Maybe the connections for zookeeper client aren't enough? I read that maybe the 60 default value in zookeeper for maxClientCnxns is too small for a context like AWS, but i'm not fully aware of the relationship between Giraph and Zookeeper for start changing default configuration values
Maybe i have to tune outOfCore configuration? Using giraph.maxNumberOfOpenRequests and giraph.waitForRequestsConfirmation=true like someone recommend here (http://mail-archives.apache.org/mod_mbox/giraph-user/201209.mbox/%3CCC775449.2C4B%25majakabiljo@fb.com%3E) ?
Should i tune the netty configuration? I have the default configuration, but i believe that maybe using only 8 netty client and 8 server threads will be enough, since that i have only a few workers and maybe too much threads of netty are making the overhead that is doing that entire application get stuck
Using giraph.useBigDataIOForMessages=true didn't help me either, i know that each vertex is receiving 100 M or more messages and that property should be helpful, but didn't make any difference anyway

As you maybe are suspecting, i have too many hypothesis, that's why i'm seeking for help, so i can go in the right direction.

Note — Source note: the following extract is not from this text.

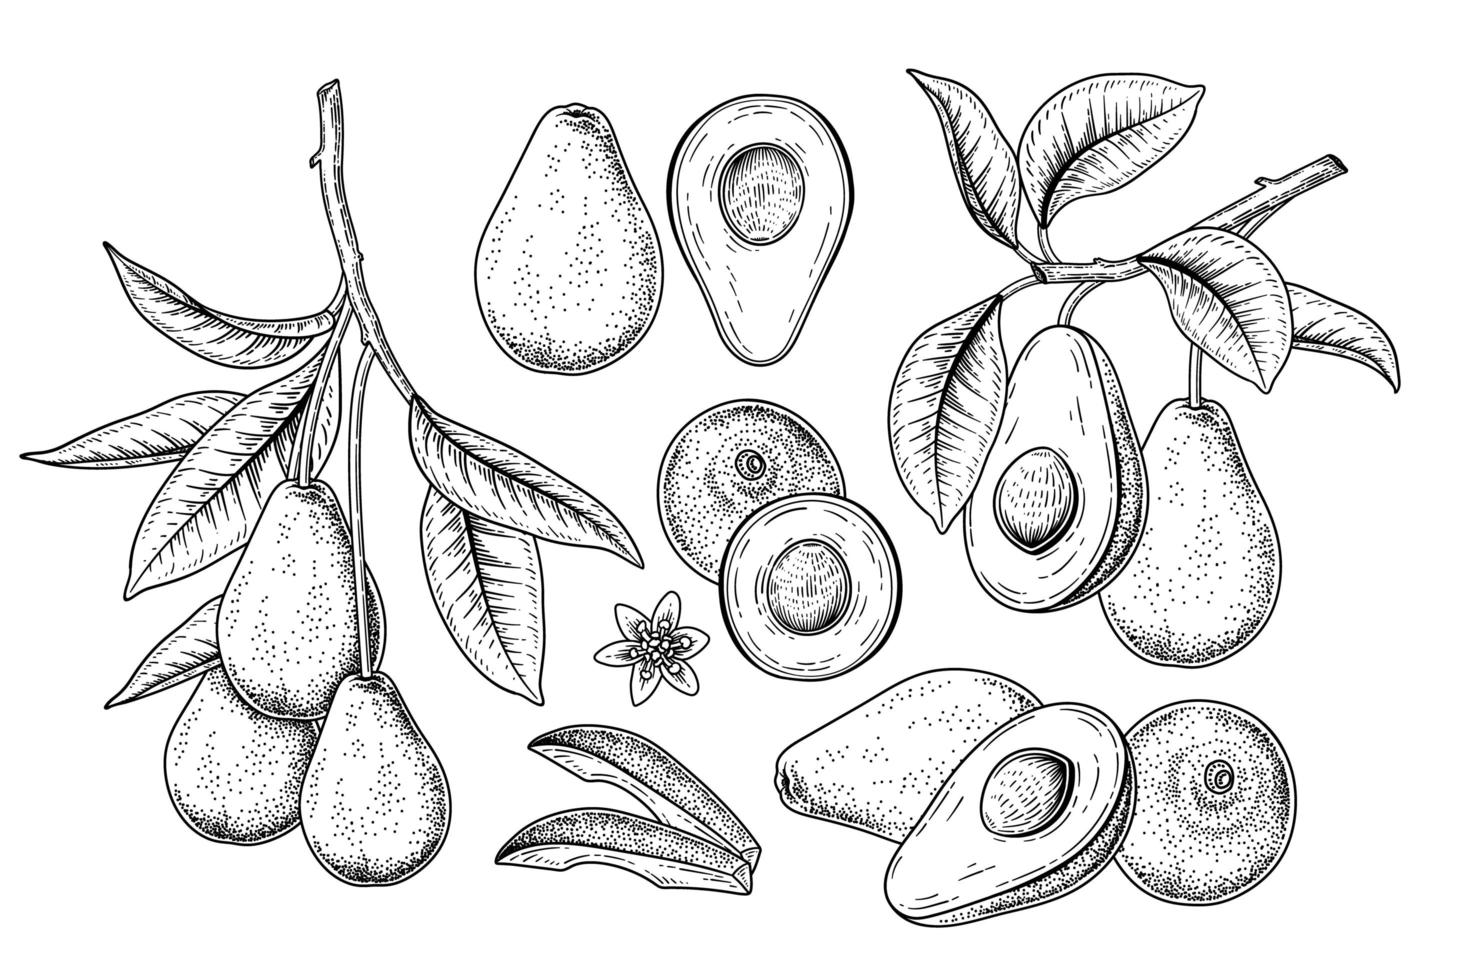 metade inteira e um ramo de abacate com frutas e folhas conjunto decorativo de ilustrações botânicas de esboço desenhado à mão vetor

EDIT 1: Using giraph.maxNumberOfOpenRequests and giraph.waitForRequestsConfirmation=true didn't solve the problem

EDIT 2: I duplicated the netty threads, and assigned the double of the original size to netty buffers, and no change.

EDIT 3: I condensed the messages, 1000 into 1, and get a lot of less messages, but still, same final results.

Solution

I isolate the problem using 15 compute threads and 240 partitions.

I could observe that one partition and one thread was taking too long.

So i check the code, searching for something that could take that long. And i found it, i was concatenating strings using + instead of StringBuilder (i believed that the compiler switch the "+" for StringBuilder.append(), as someone suggested here). But this wasn't the case. The time decreases dramatically and the application finishs, finally.